Ieri era l’ 8 marzo. Festa della Donna.
Una festa che, già da qualche anno (dai ruspanti anni ’80) non è più quello per cui era nata. Si sta provando negli ultimi anni tra femminicidi, vessazioni lavorative varie, violenze di ogni genere verso il mondo femminile, a riportare l’attenzione dall’aprire le gabbie la sera dell’ 8 marzo con tanto di omini mezzi nudi e oliati come carta per la focaccia ad una più consapevole conoscenza dei problemi del mondo femminile.
Vi voglio parlare della Legge 194/1978. A maggio si celebrerà il quarantesimo anniversario dell’entrata in vigore della legge sull’interruzione volontaria di gravidanza (ivg), che nel 1978 legalizzò l’aborto in Italia. Una legge importantissima che, al giorno d’oggi viene attaccata su più fronti.

Come si può leggere dal grafico qui sopra, negli ultimi anni, il ricorso alla 194 è diminuito drasticamente. In generale il calo degli aborti in Italia è dovuto a diversi fattori, in particolare ai livelli più alti d’istruzione e ad una maggiore diffusione dell’educazione sessuale e della contraccezione (l’Italia comunque rimane indietro nell’uso dei contraccettivi rispetto ad altri Paesi europei). Un motivo molto importante è stato, dal 2015, l’introduzione della cosiddetta pillola del giorno dopo e quella dei 5 giorni dopo che viene venduta senza ricetta medica in farmacia. Potendo usare questo metodo, si tende ad usufruire di meno della legge sull’aborto.
Rimane, un problema gravissimo anche il crescente ricorso al l’obiezione di coscienza da parte di ginecologi, anestesisti e personale non medico, sopratutto nel Meridione.

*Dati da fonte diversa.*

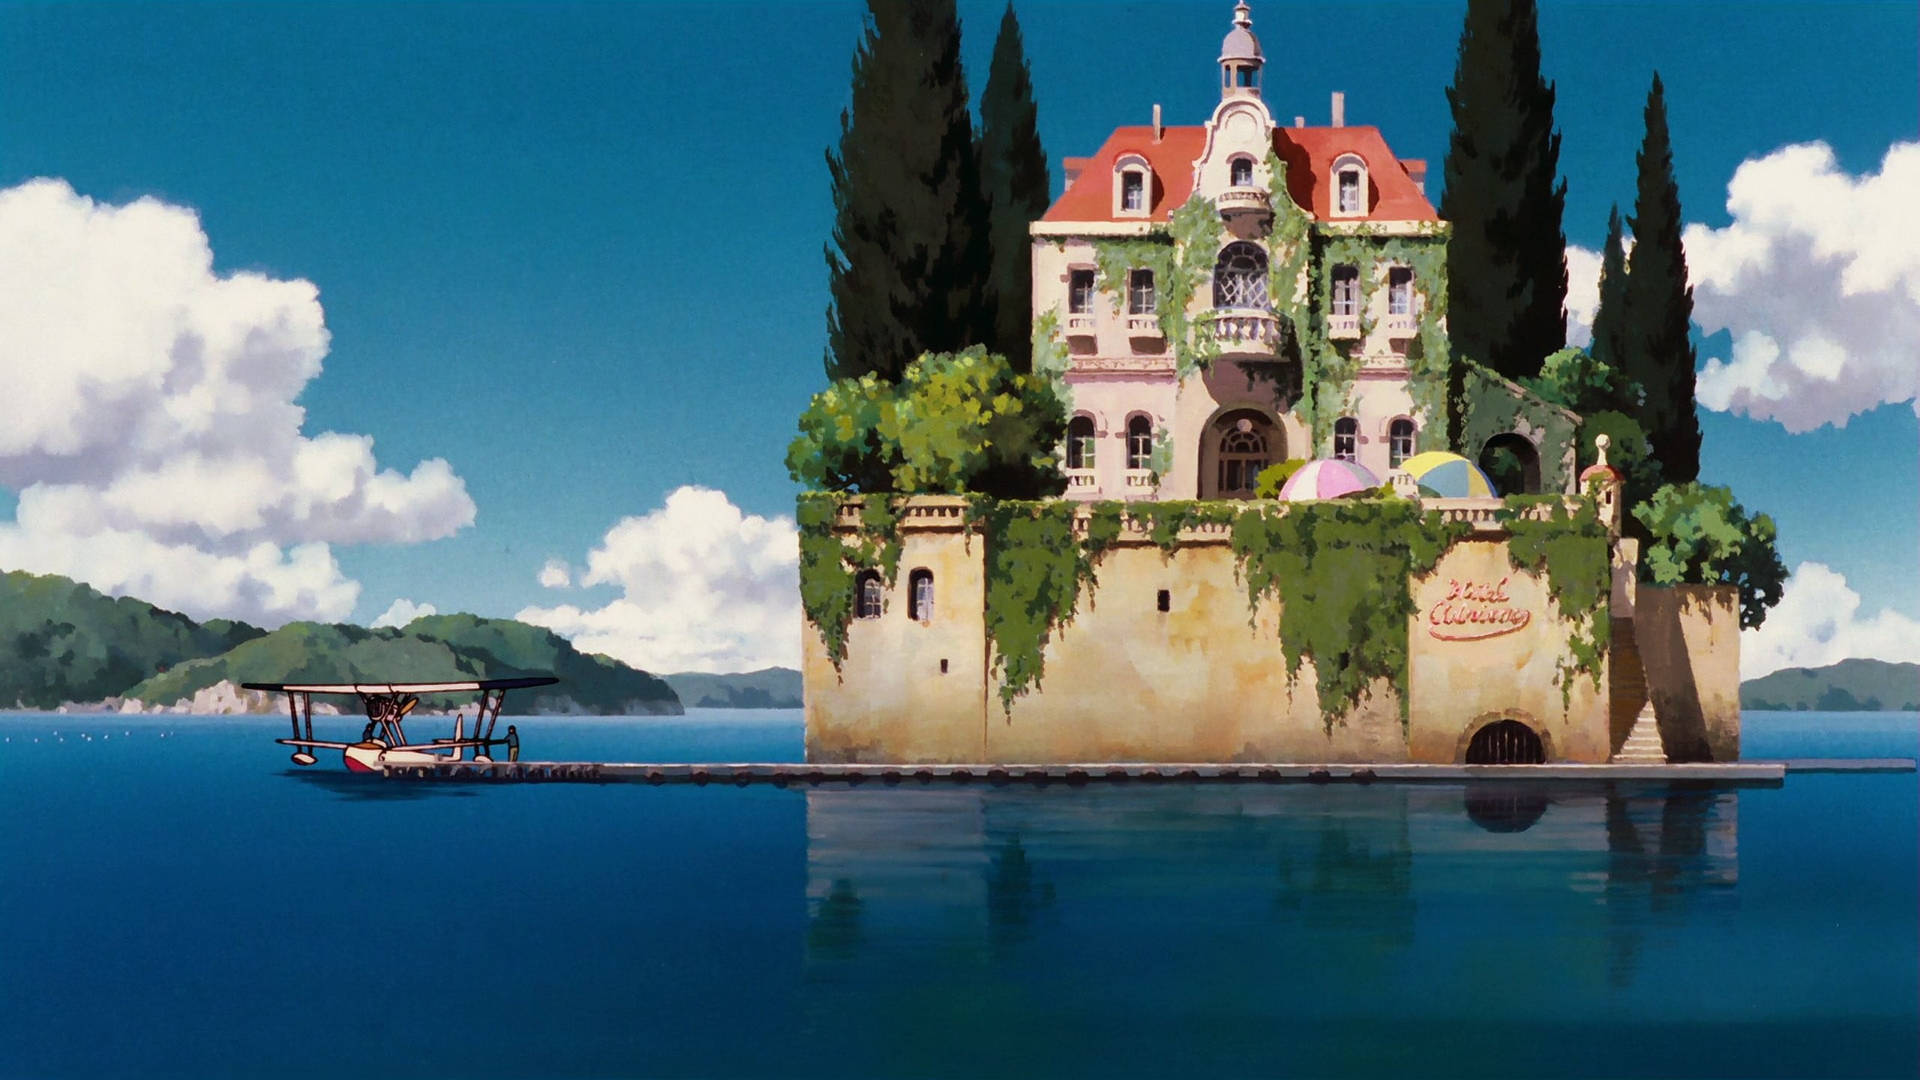 Studio Ghibli Scenery With Seaplane Background

Si viene a creare così un cortocircuito tra il diritto ad usufruire di una legge in vigore e il diritto di fare obiezione verso questa legge (sancito dalla legge stessa), che di fatto impedisce ad una larga fetta di donne italiane di poter usufruire del l’interruzione di gravidanza nella propria regione. Il collettivo Non una di meno, rivendica l’abolizione dell’obiezione di coscienza per i medici, il personale non medico e i farmacisti che lavorano nelle strutture pubbliche. Le femministe chiedono anche sostegno all’interruzione di gravidanza farmacologica nei consultori e più finanziamenti per queste strutture che promuovono la salute riproduttiva delle donne, la contraccezione e l’educazione sessuale.